Even those who can't live without one have to admit that they are often annoying beyond human endurance. And the photos they take can lead to all kinds of problems.
There are other issues, as well. When driving, you have to watch out for the cell phone packing motorist. When carrying one, you have to worry about being tracked. When using one, you have to worry about the controversial possibility that the thing is slowly cooking your brain. This is progress?
2: Electronic leashes, AKA the pager
These nasty little devices ensure that your workday never ends at 5:00. Just as soon as you forget that you are tethered to the job, the bleeping thing goes off and blasts you back to reality.

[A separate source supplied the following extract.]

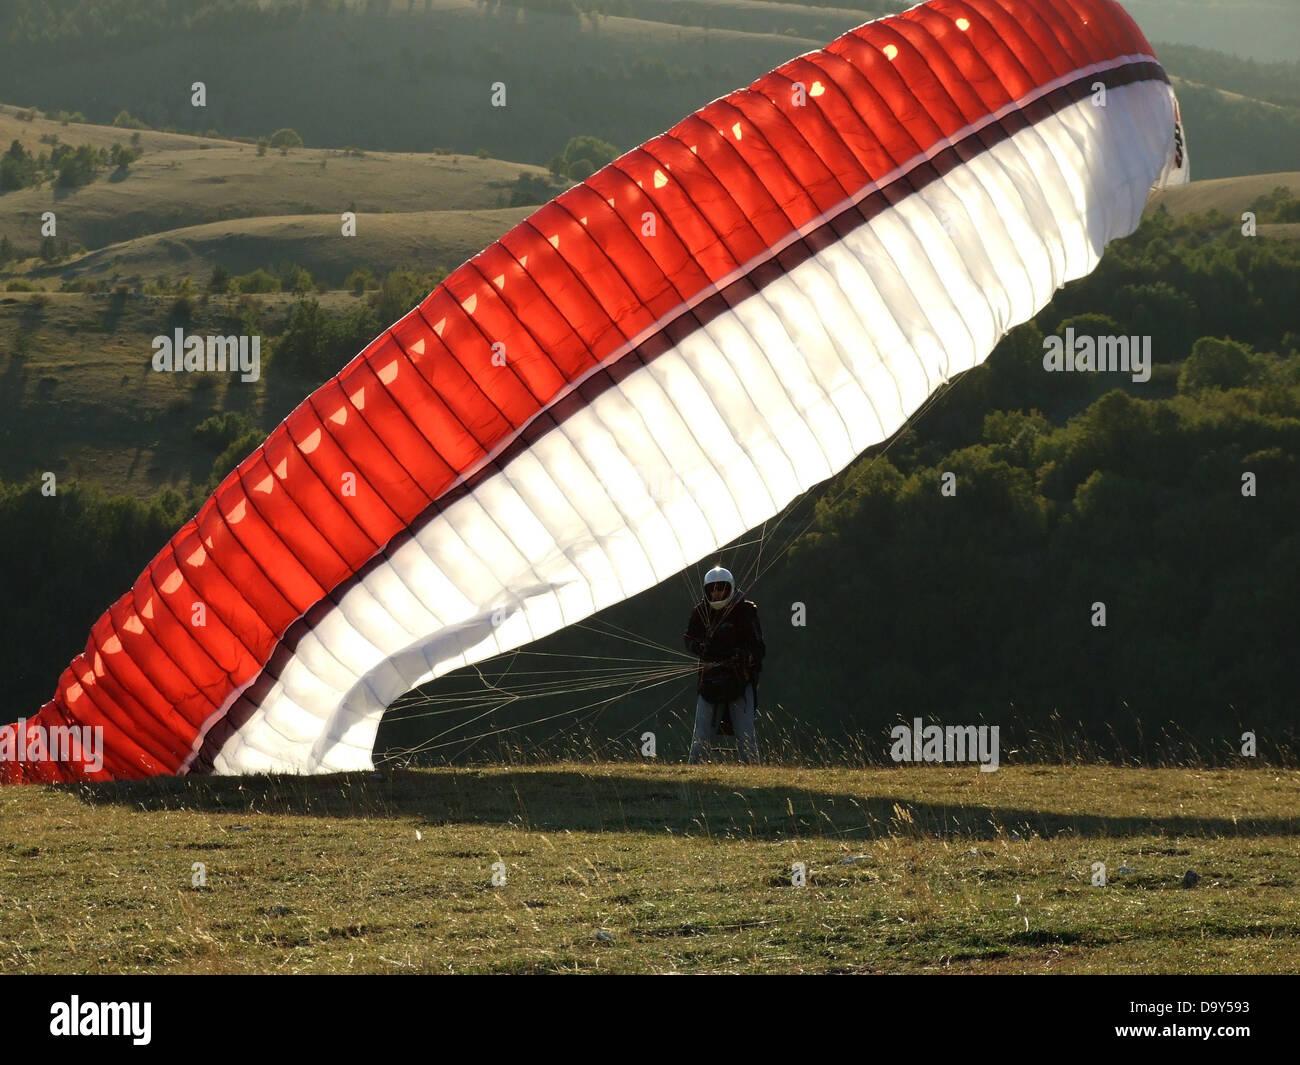 Paracaídas parapente deporte extremo deporte viento Imagen De Stock

Like Pavlov's dogs, which salivated at the sound of a bell, I became conditioned to respond to the call for action. Upon hearing that awful beeping sound, the neurological connections in my brain were further solidified, linking the horrid device to the interruption of my peaceful evening. Is it any wonder I despise these insidious little technological monstrosities?
3: Slower-than-your-desktop-computer computers, AKA the laptop
At my last job, our group supported the national CSC help desk with new systems and software. Routine travel was part of the job. We were a new group and, no doubt due to a limited budget, we were given laptop computers and docking stations instead of desktop PCs. They were heavy. They were slow. They had lousy screens. Yes, they have gotten much better. But dollar for dollar, they still perform much worse than a desktop computer. Ever try developing on a laptop?

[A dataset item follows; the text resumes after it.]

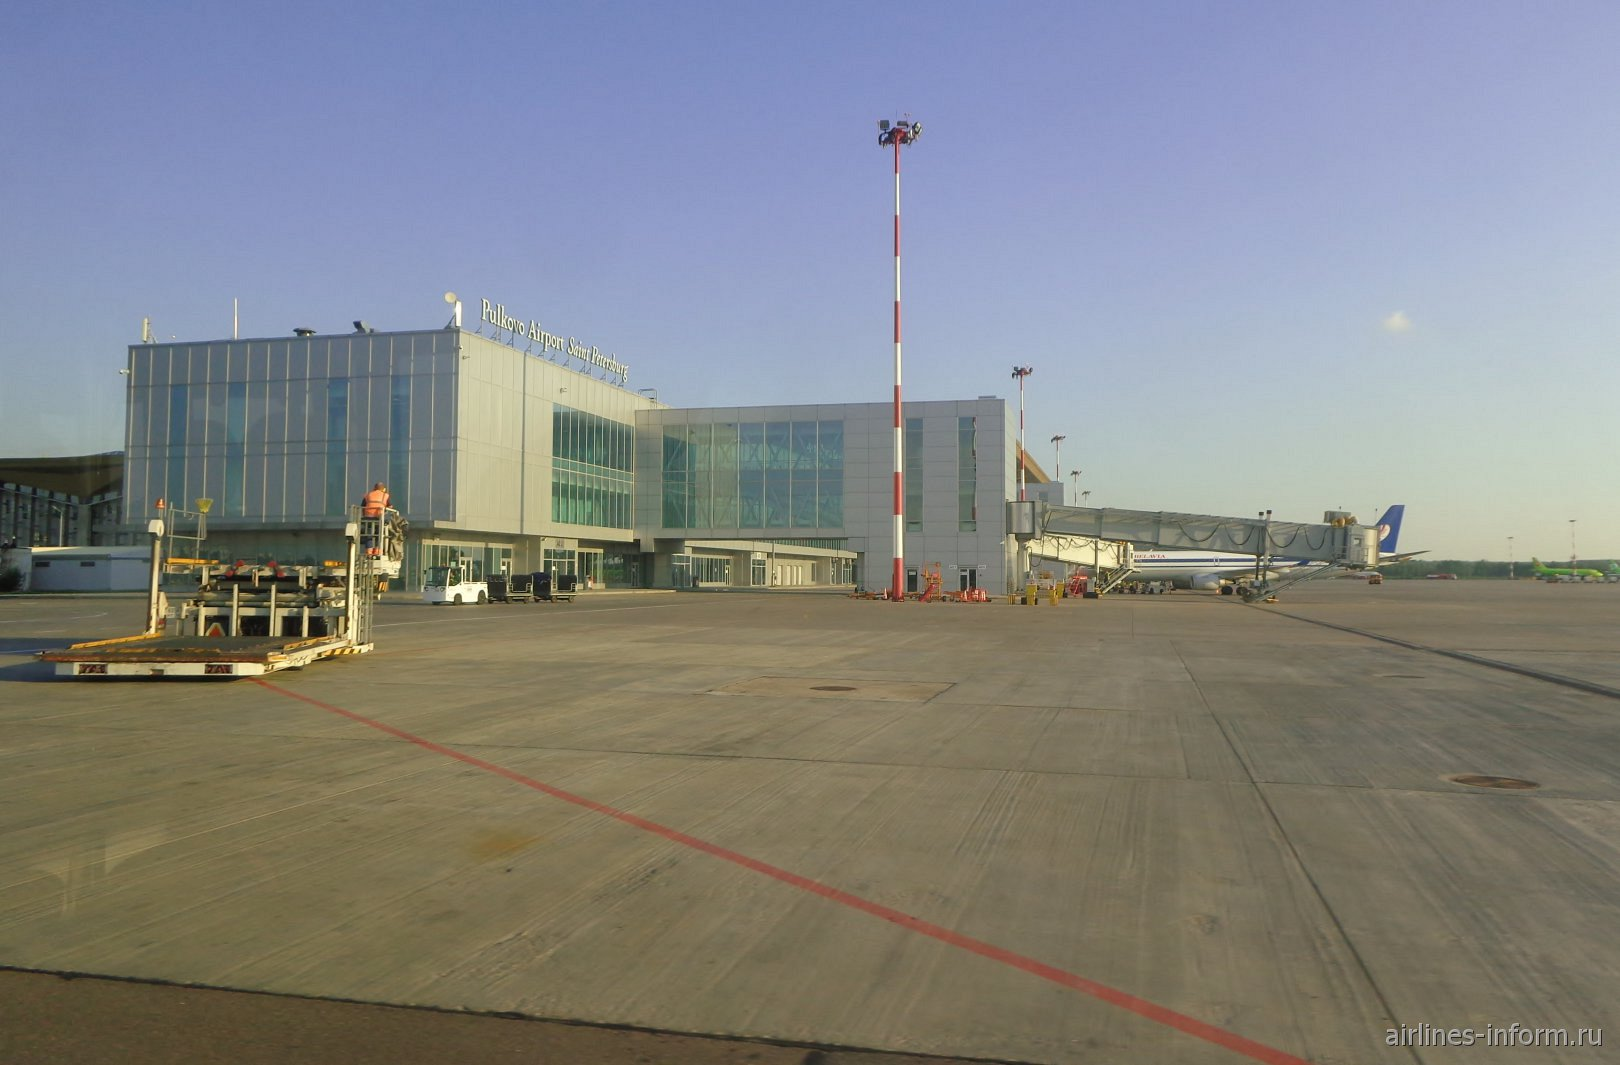 Торец международного сектора аэропорта Санкт-Петербург Пулково

4: Virtual spies, AKA the Web cam
Why in the world would I or anyone else want to show the world how they look in the morning? Why should I have to shave before sitting down to my computer? Why should I have to feel that big brother is constantly peering over my shoulder? Okay, so you can turn the darned things off, but are you sure that electronic eyeball staring you in the face is really off?

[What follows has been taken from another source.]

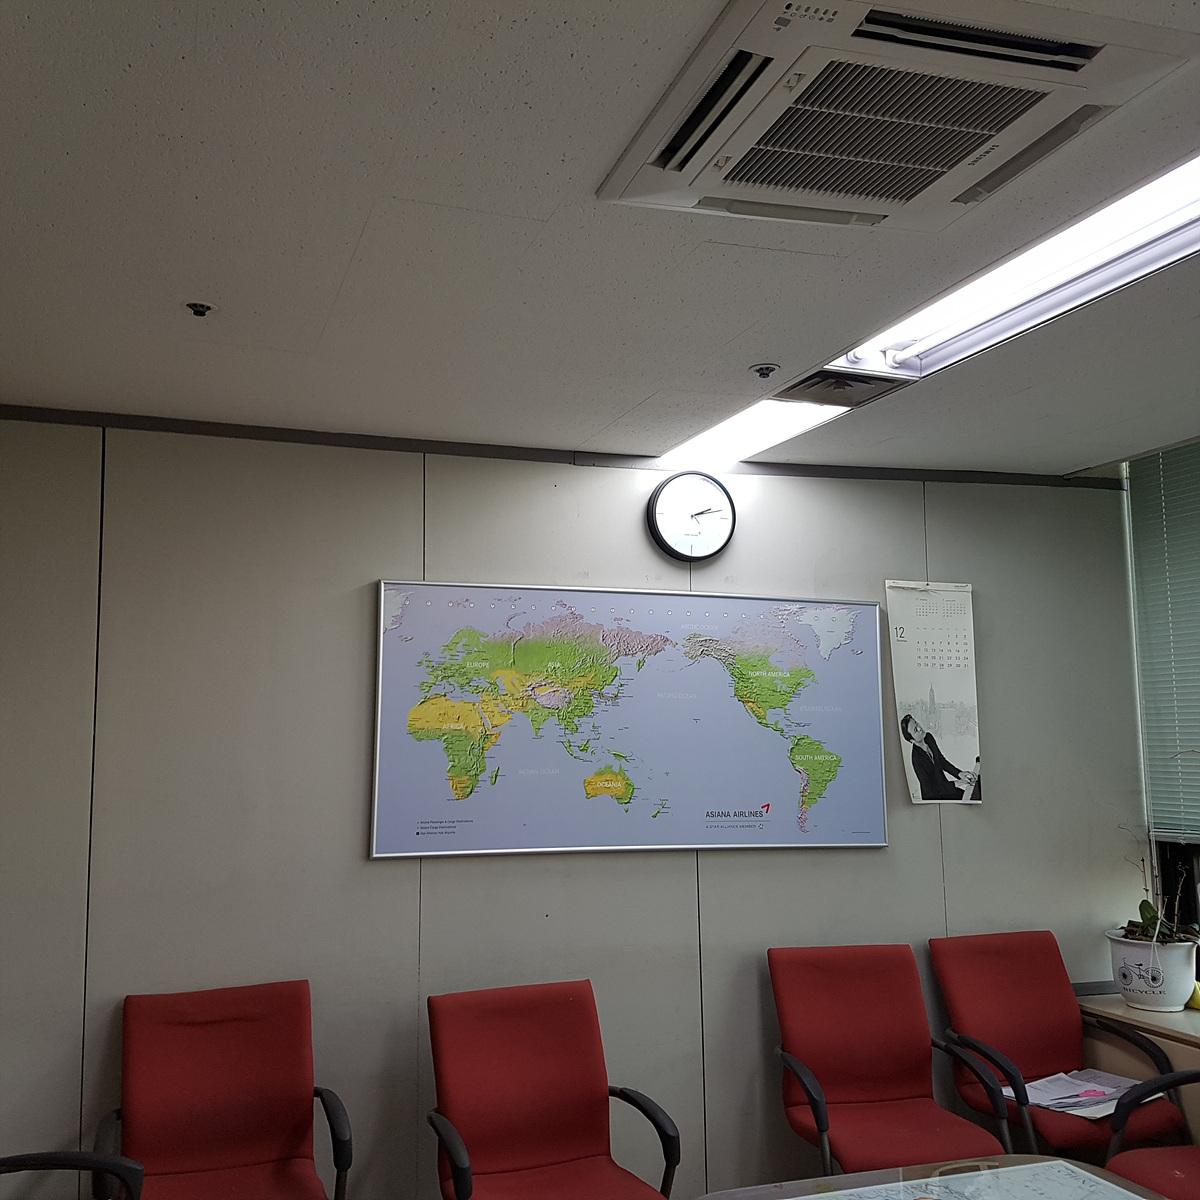 4 번째 사진 근린생활시설 에  연면적861.15 ㎡ 부산광역시 중구 중앙동4가 밤라이트 철거 및 리모델링에 관한 석면조사

5: Undercover agents, AKA RFID chips
I have no problem with companies or retail stores that want to track their inventory with RFID chips. I do have a problem when the shoes I purchased last year can be tracked wherever my not-so-little feet take them.
This is no longer science fiction. Companies as large as Wal-mart are preparing to use them for inventory control, theft prevention, and other well-intentioned activities. Unfortunately, unless some way is found to destroy them, remove them, or deactivate them before the customer leaves the store, the technology can be abused by those with less-than-noble intentions.
6: Wandering vacuums, AKA the Roomba
My best friend offered me a free Roomba and I turned him down. Why? Aside from the fact that I already had three vacuum cleaners, there was the question of the effectiveness of such a novel gadget. A battery-powered robot that automatically vacuums floors and is that small can't do a good job, can it? It might have been a fun exercise to gut the innards, but eviscerating and sifting through the disjecta membra seemed somehow disrespectful.
7: Alice in Wonderland books, AKA the e-book reader
I use the computer more than eight hours a day; I sure don't want to curl up with a good e-book at the end of a day. To be fair, I haven't actually used an e-reader. But I have to question the expenditure of precious fun-tickets on another all-too-specific device that has more drawbacks than advantages.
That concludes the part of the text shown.